As hospitalizações diárias também caíram, assim como o número de mortes diárias, que caiu de 1.610 em janeiro de 2021 para uma mínima de oito em 13 de junho de 2021. 18 Aparentemente, a muito temida e "muito mais infecciosa" cepa B117 não para desencadear uma cascata de morte em massa, afinal.

"Nos EUA, os dados do CDC mostram que um total de 204 adolescentes - com idades entre 12 e 17 anos - foram internados no hospital para avaliação COVID entre janeiro e março de 2021. Esses números dificilmente são catastróficos. Menos de um terço exigiu cuidados intensivos e nenhum morreu.
Enquanto isso, há pelo menos quatro mortes relatadas entre adolescentes de 12 a 17 anos após a “vacinação” de COVID, junto com várias centenas de relatórios de efeitos adversos, incluindo dezenas de casos de inflamação do coração."

 

Além do mais, o fato de a grande mídia e as autoridades de saúde não terem destacado o número de crianças infectadas ou hospitalizadas é uma indicação clara de que as crianças também não corriam grande risco com o B117. Eles só queriam que você temesse a possibilidade de ser assim.

Nos Estados Unidos, os dados do Center for Disease Control and Prevention 19 mostram que as hospitalizações de adolescentes por COVID-19 atingiram um pico de 2,1 por 100.000 admissões hospitalares no início de janeiro de 2021. Em meados de março, esse número caiu para 0,6 por 100.000. Em abril, voltou a subir um pouco, para 1,3 por 100.000. Em números reais, estamos falando de um total de 204 adolescentes - com idades entre 12 e 17 anos - admitidos no hospital para avaliação entre janeiro de 2021 e março de 2021.

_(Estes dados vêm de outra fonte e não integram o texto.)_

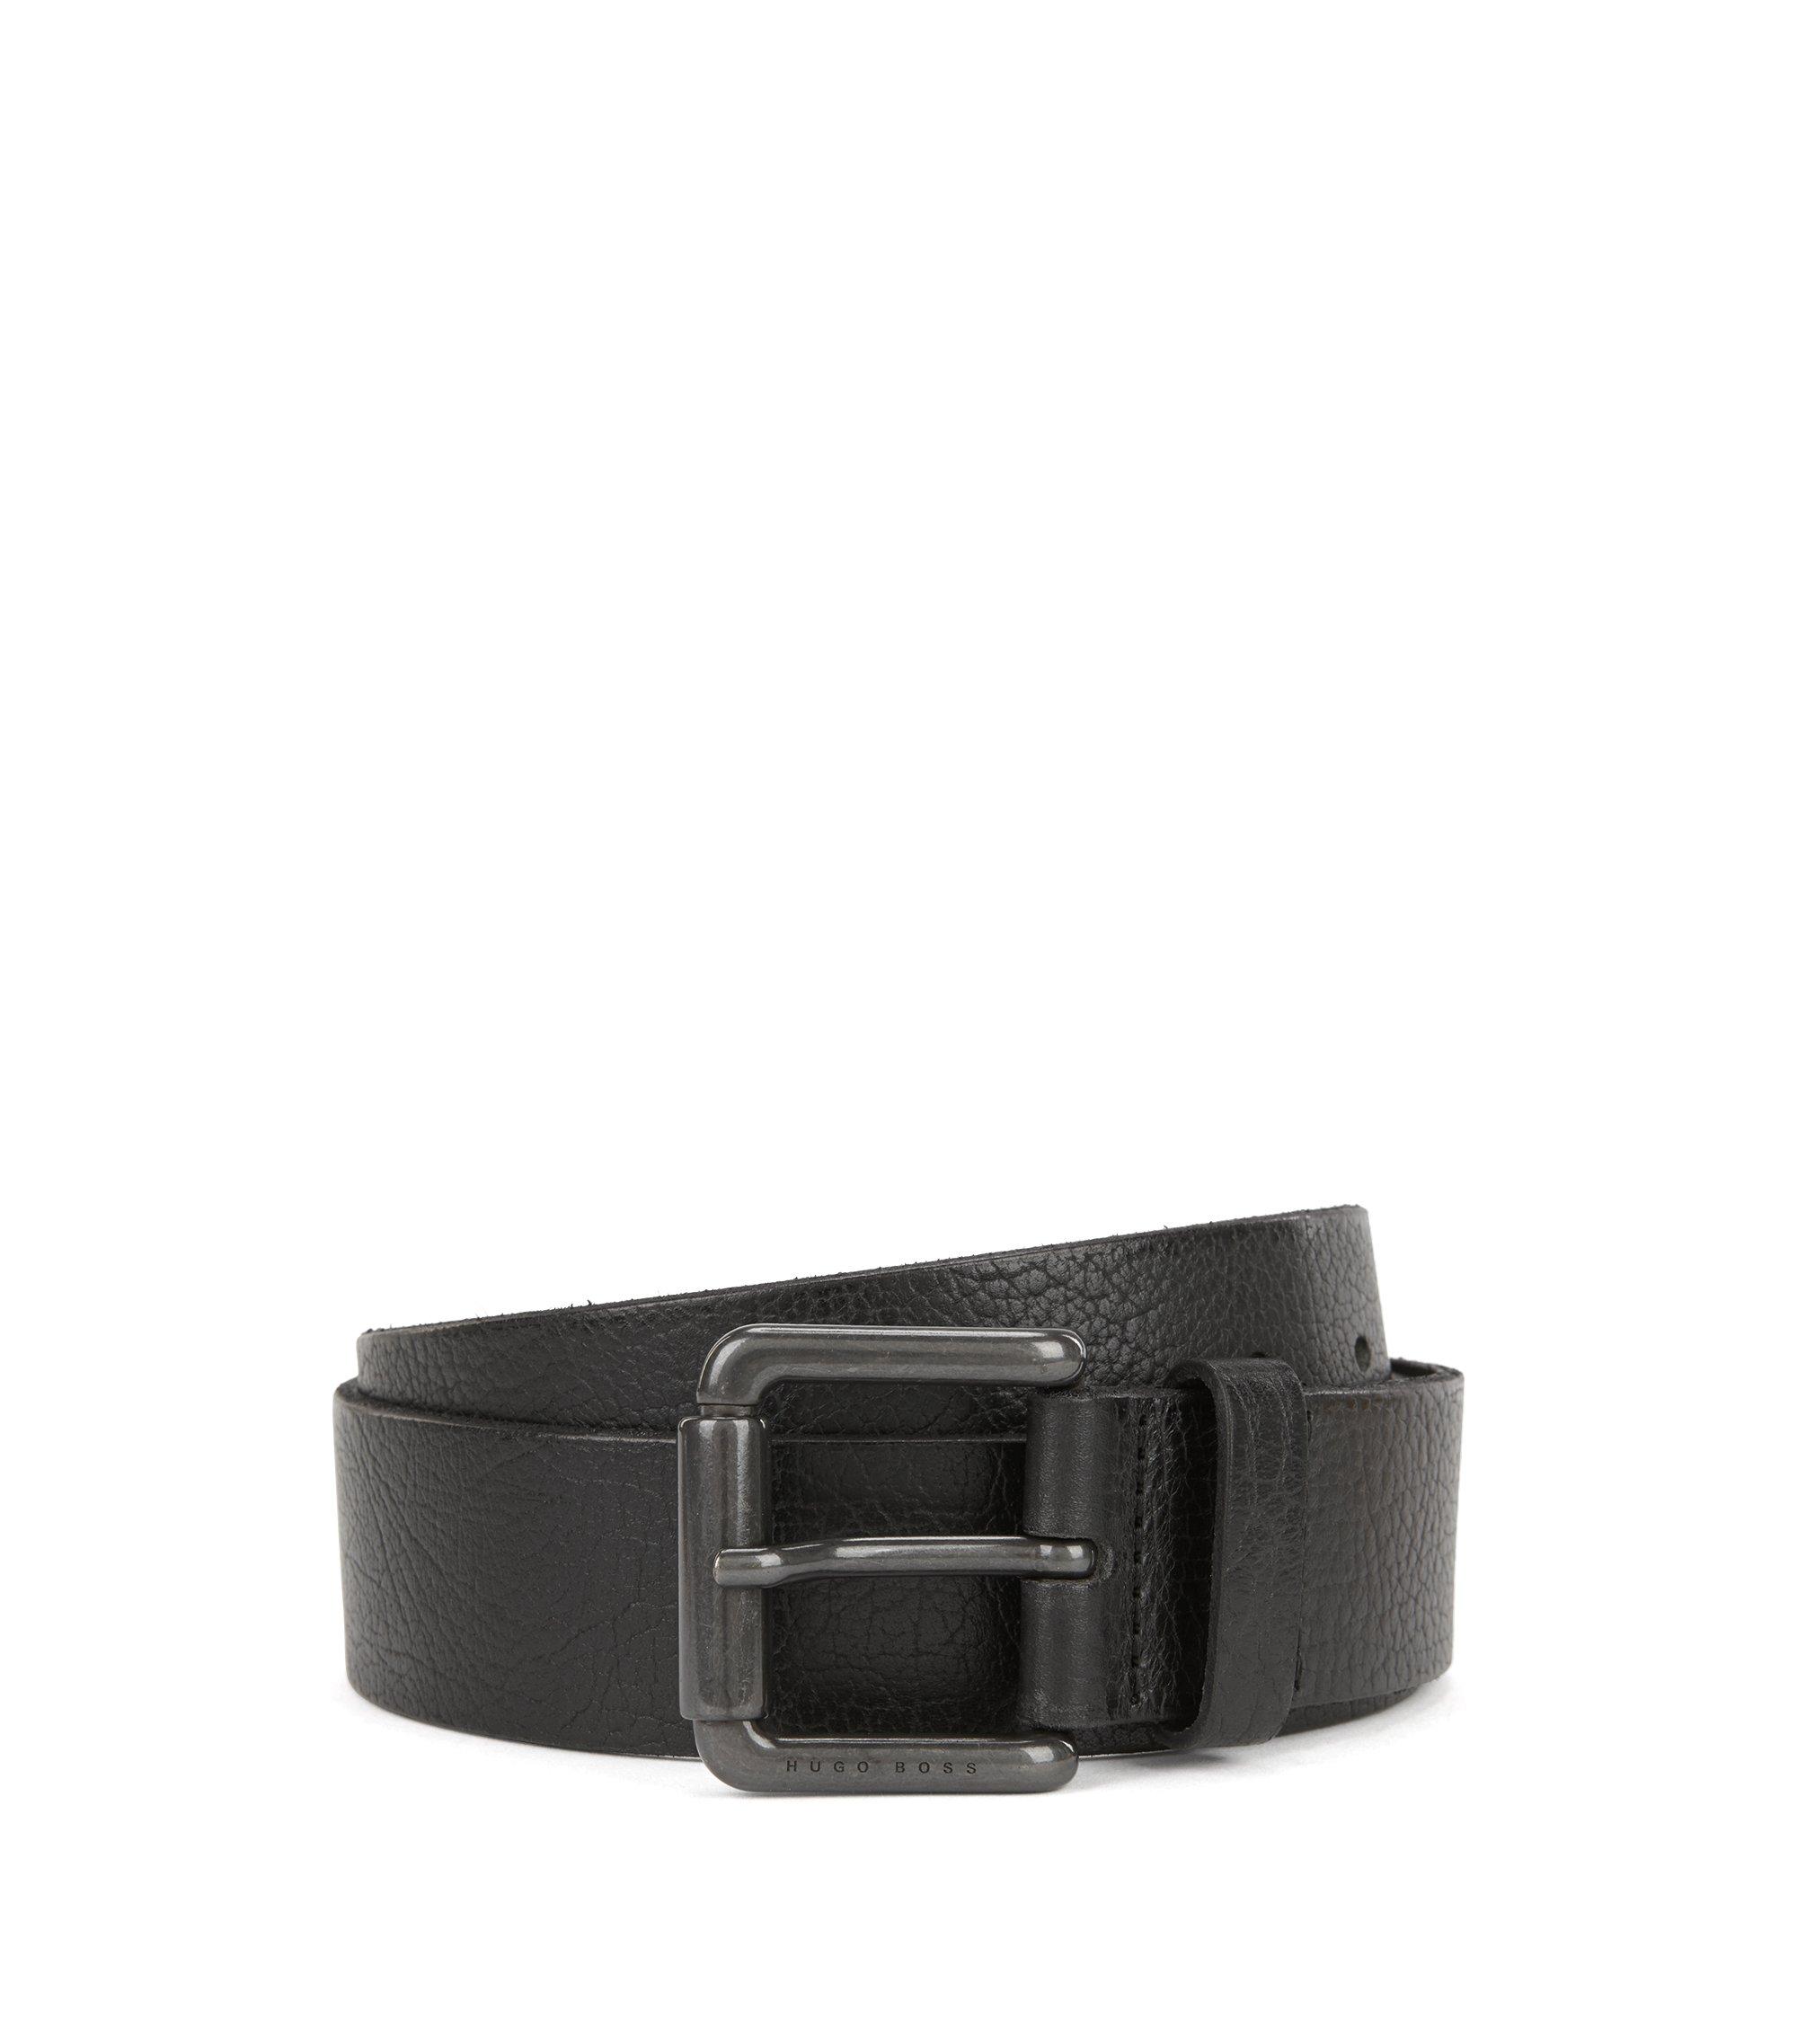 Cinturón de piel granulada con hebilla corredera de metal pesado, Negro

Essas estatísticas estão, de fato, longe de serem catastróficas. Menos de um terço exigiu cuidados intensivos e nenhum morreu. Enquanto isso, há pelo menos quatro mortes relatadas entre adolescentes de 12 a 17 anos após a “vacinação” de COVID, junto com várias centenas de relatórios de efeitos adversos, incluindo dezenas de casos de inflamação do coração. 20
Como as previsões calamitosas de Ferguson para a variante Alfa B117 não se concretizaram, parece que a mesma narrativa fomentadora de medo simplesmente mudou para a variante Delta.

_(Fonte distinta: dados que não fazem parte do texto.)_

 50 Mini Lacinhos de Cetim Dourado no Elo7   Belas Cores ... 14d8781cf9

Obviamente, eles querem que temamos por nossos filhos, pois isso melhorará o cumprimento das medidas de roubo de liberdade e aumentará a adoção de vacinas. No momento, eles estão tendo muita dificuldade para explicar por que crianças, cujo risco de complicações graves ou morte por COVID-19, e que não são vetores de doenças primárias, precisariam participar de um experimento de terapia genética não controlada.